Jasper Gabriele P, Francisco Gina M, Telfeian Albert E
Center for Pain Control, Brick, NJ; 2Brown University, Providence, RI.
Pain Physician. 2014 Nov-Dec;17(6):E703-8.
Lumbar degenerative spondylolisthesis is a common entity and occurs mainly in elderly patients. The trend in surgery has been to offer decompression with instrumented fusion based on patient-based outcome data and the inherent instability of the condition.
Transforaminal endoscopic discectomy and foraminotomy is an ultra-minimally invasive outpatient surgical option available to patients that does not require general anesthesia and does not involve the same amount of destabilizing facet joint removal as a traditional laminectomy and medial facetectomy. The purpose of this study was to assess the benefit of tranforaminal endoscopic discectomy and foraminotomy in patients with lumbar 4-5 (L4-L5) and lumbar 5-sacral 1 (L5-S1) spondylolisthesis and lumbar radiculopathy.
After Institutional Review Board Approval, charts from 21 consecutive patients with L4-L5 or L5-S1 spondylolisthesis and complaints of lower back and radicular pain who underwent endoscopic procedures between 2007 and 2012 were reviewed.
The average pain relief one year postoperatively was reported to be 71.9%, good results as defined by MacNab. The average pre-operative VAS score was 8.48, indicated in our questionnaire as severe and constant pain. The average one year postoperative VAS score was 2.30, indicated in our questionnaire as mild and intermittent pain.

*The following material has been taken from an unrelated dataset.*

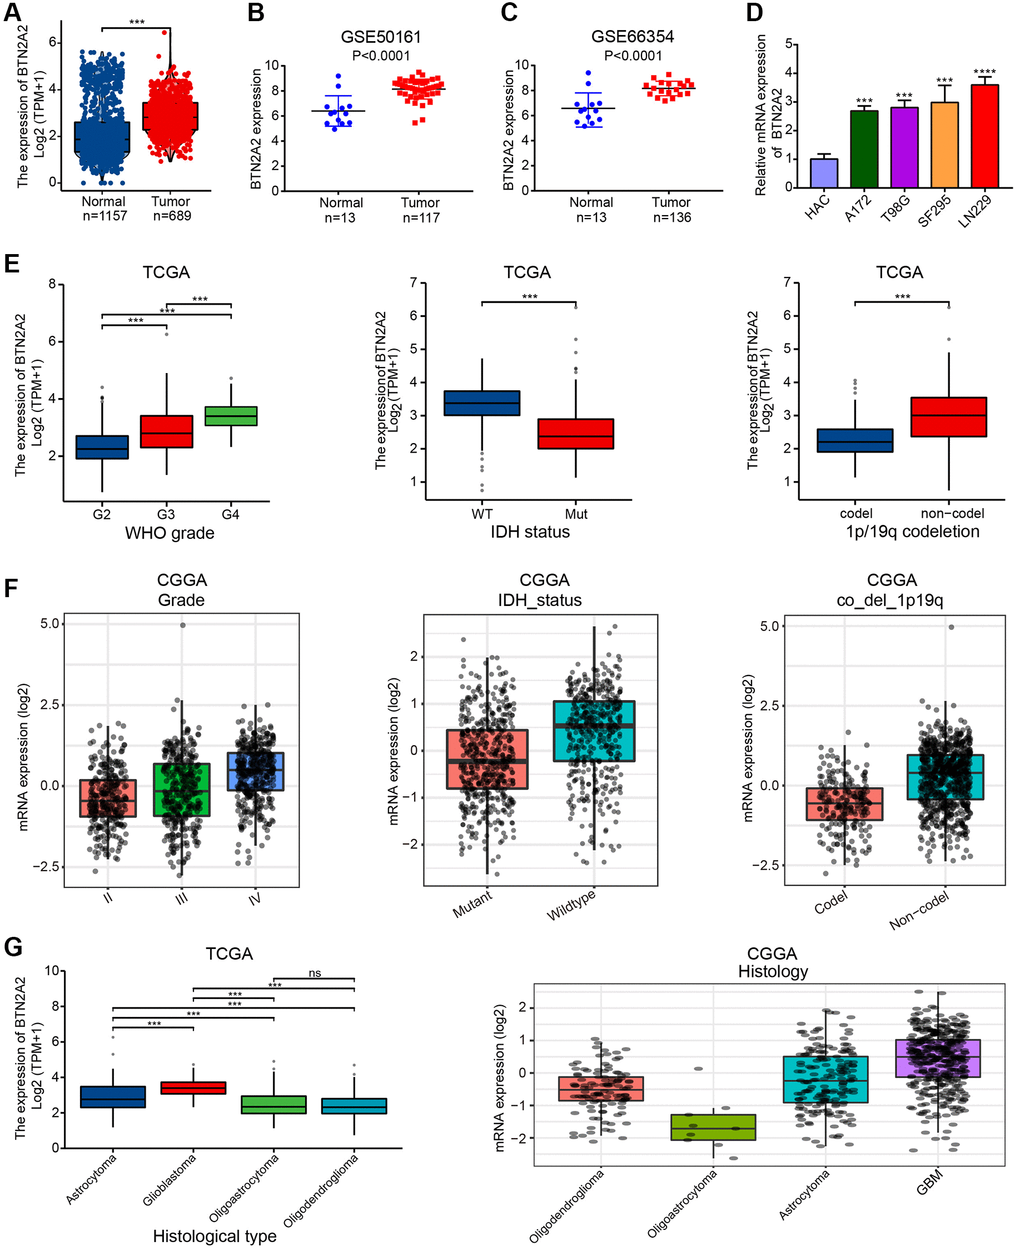 Correlation between BTN2A2 expression and CFs. (A) BTN2A2 expression in patients with glioma in TCGA cohort. (B, C) BTN2A2 expression in patients with glioma in GEO cohort. (D) BTN2A2 expression in normal human astrocytes cells (NHA) and glioma cells (A172, T98G, LN229, and SF295) was determined using qRT-PCR. (E–G) Correlation between BTN2A2 expression and CFs (grade, IDH status, 1p/19q codeletion, age, primary therapeutic outcome, and histological type). *P **P ***P

This is a retrospective study and only offers one year follow-up data for patients with spondylolisthesis undergoing endoscopic spine surgery for treatment of lumbar radiculopathy.
Endoscopic discectomy is a safe and effective alternative to open back surgery. The one year follow-up data presented here appears to indicate that an ultra-minimally invasive approach to the treatment of lumbar radiculopathy in the setting of spondylolisthesis that has a low complication rate, avoids general anesthesia, and is outpatient might be worth studying in a prospective, longer term way. IRB approval: Meridian Health: IRB Study # 201206071J.
腰椎退变性椎体滑脱是一种常见病症,主要发生于老年患者。基于以患者为基础的疗效数据以及该病症固有的不稳定性,手术趋势一直是进行减压并辅以器械融合。
经椎间孔内镜下椎间盘切除术和椎间孔切开术是一种可供患者选择的超微创手术,无需全身麻醉,且与传统椎板切除术和内侧小关节切除术相比,所涉及的小关节破坏程度不同。本研究的目的是评估经椎间孔内镜下椎间盘切除术和椎间孔切开术对伴有腰椎4 - 5(L4 - L5)和腰5 - 骶1(L5 - S1)椎体滑脱及腰椎神经根病患者的疗效。
经机构审查委员会批准,回顾了2007年至2012年间连续21例接受内镜手术的L4 - L5或L5 - S1椎体滑脱且有下背部及神经根性疼痛主诉患者的病历。
据报告,术后一年平均疼痛缓解率为71.9%,按照MacNab标准为良好结果。术前平均视觉模拟评分(VAS)为8.48,在我们的问卷中表明为严重且持续的疼痛。术后一年平均VAS评分为2.30,在我们的问卷中表明为轻微且间歇性的疼痛。
这是一项回顾性研究,仅提供了接受内镜脊柱手术治疗腰椎神经根病的椎体滑脱患者的一年随访数据。
内镜下椎间盘切除术是开放性背部手术的一种安全有效的替代方法。此处呈现的一年随访数据似乎表明,对于伴有椎体滑脱的腰椎神经根病,采用超微创手术方法,并发症发生率低,避免全身麻醉且为门诊手术,可能值得进行前瞻性、长期研究。机构审查委员会批准:子午线健康:机构审查委员会研究编号# 201206071J。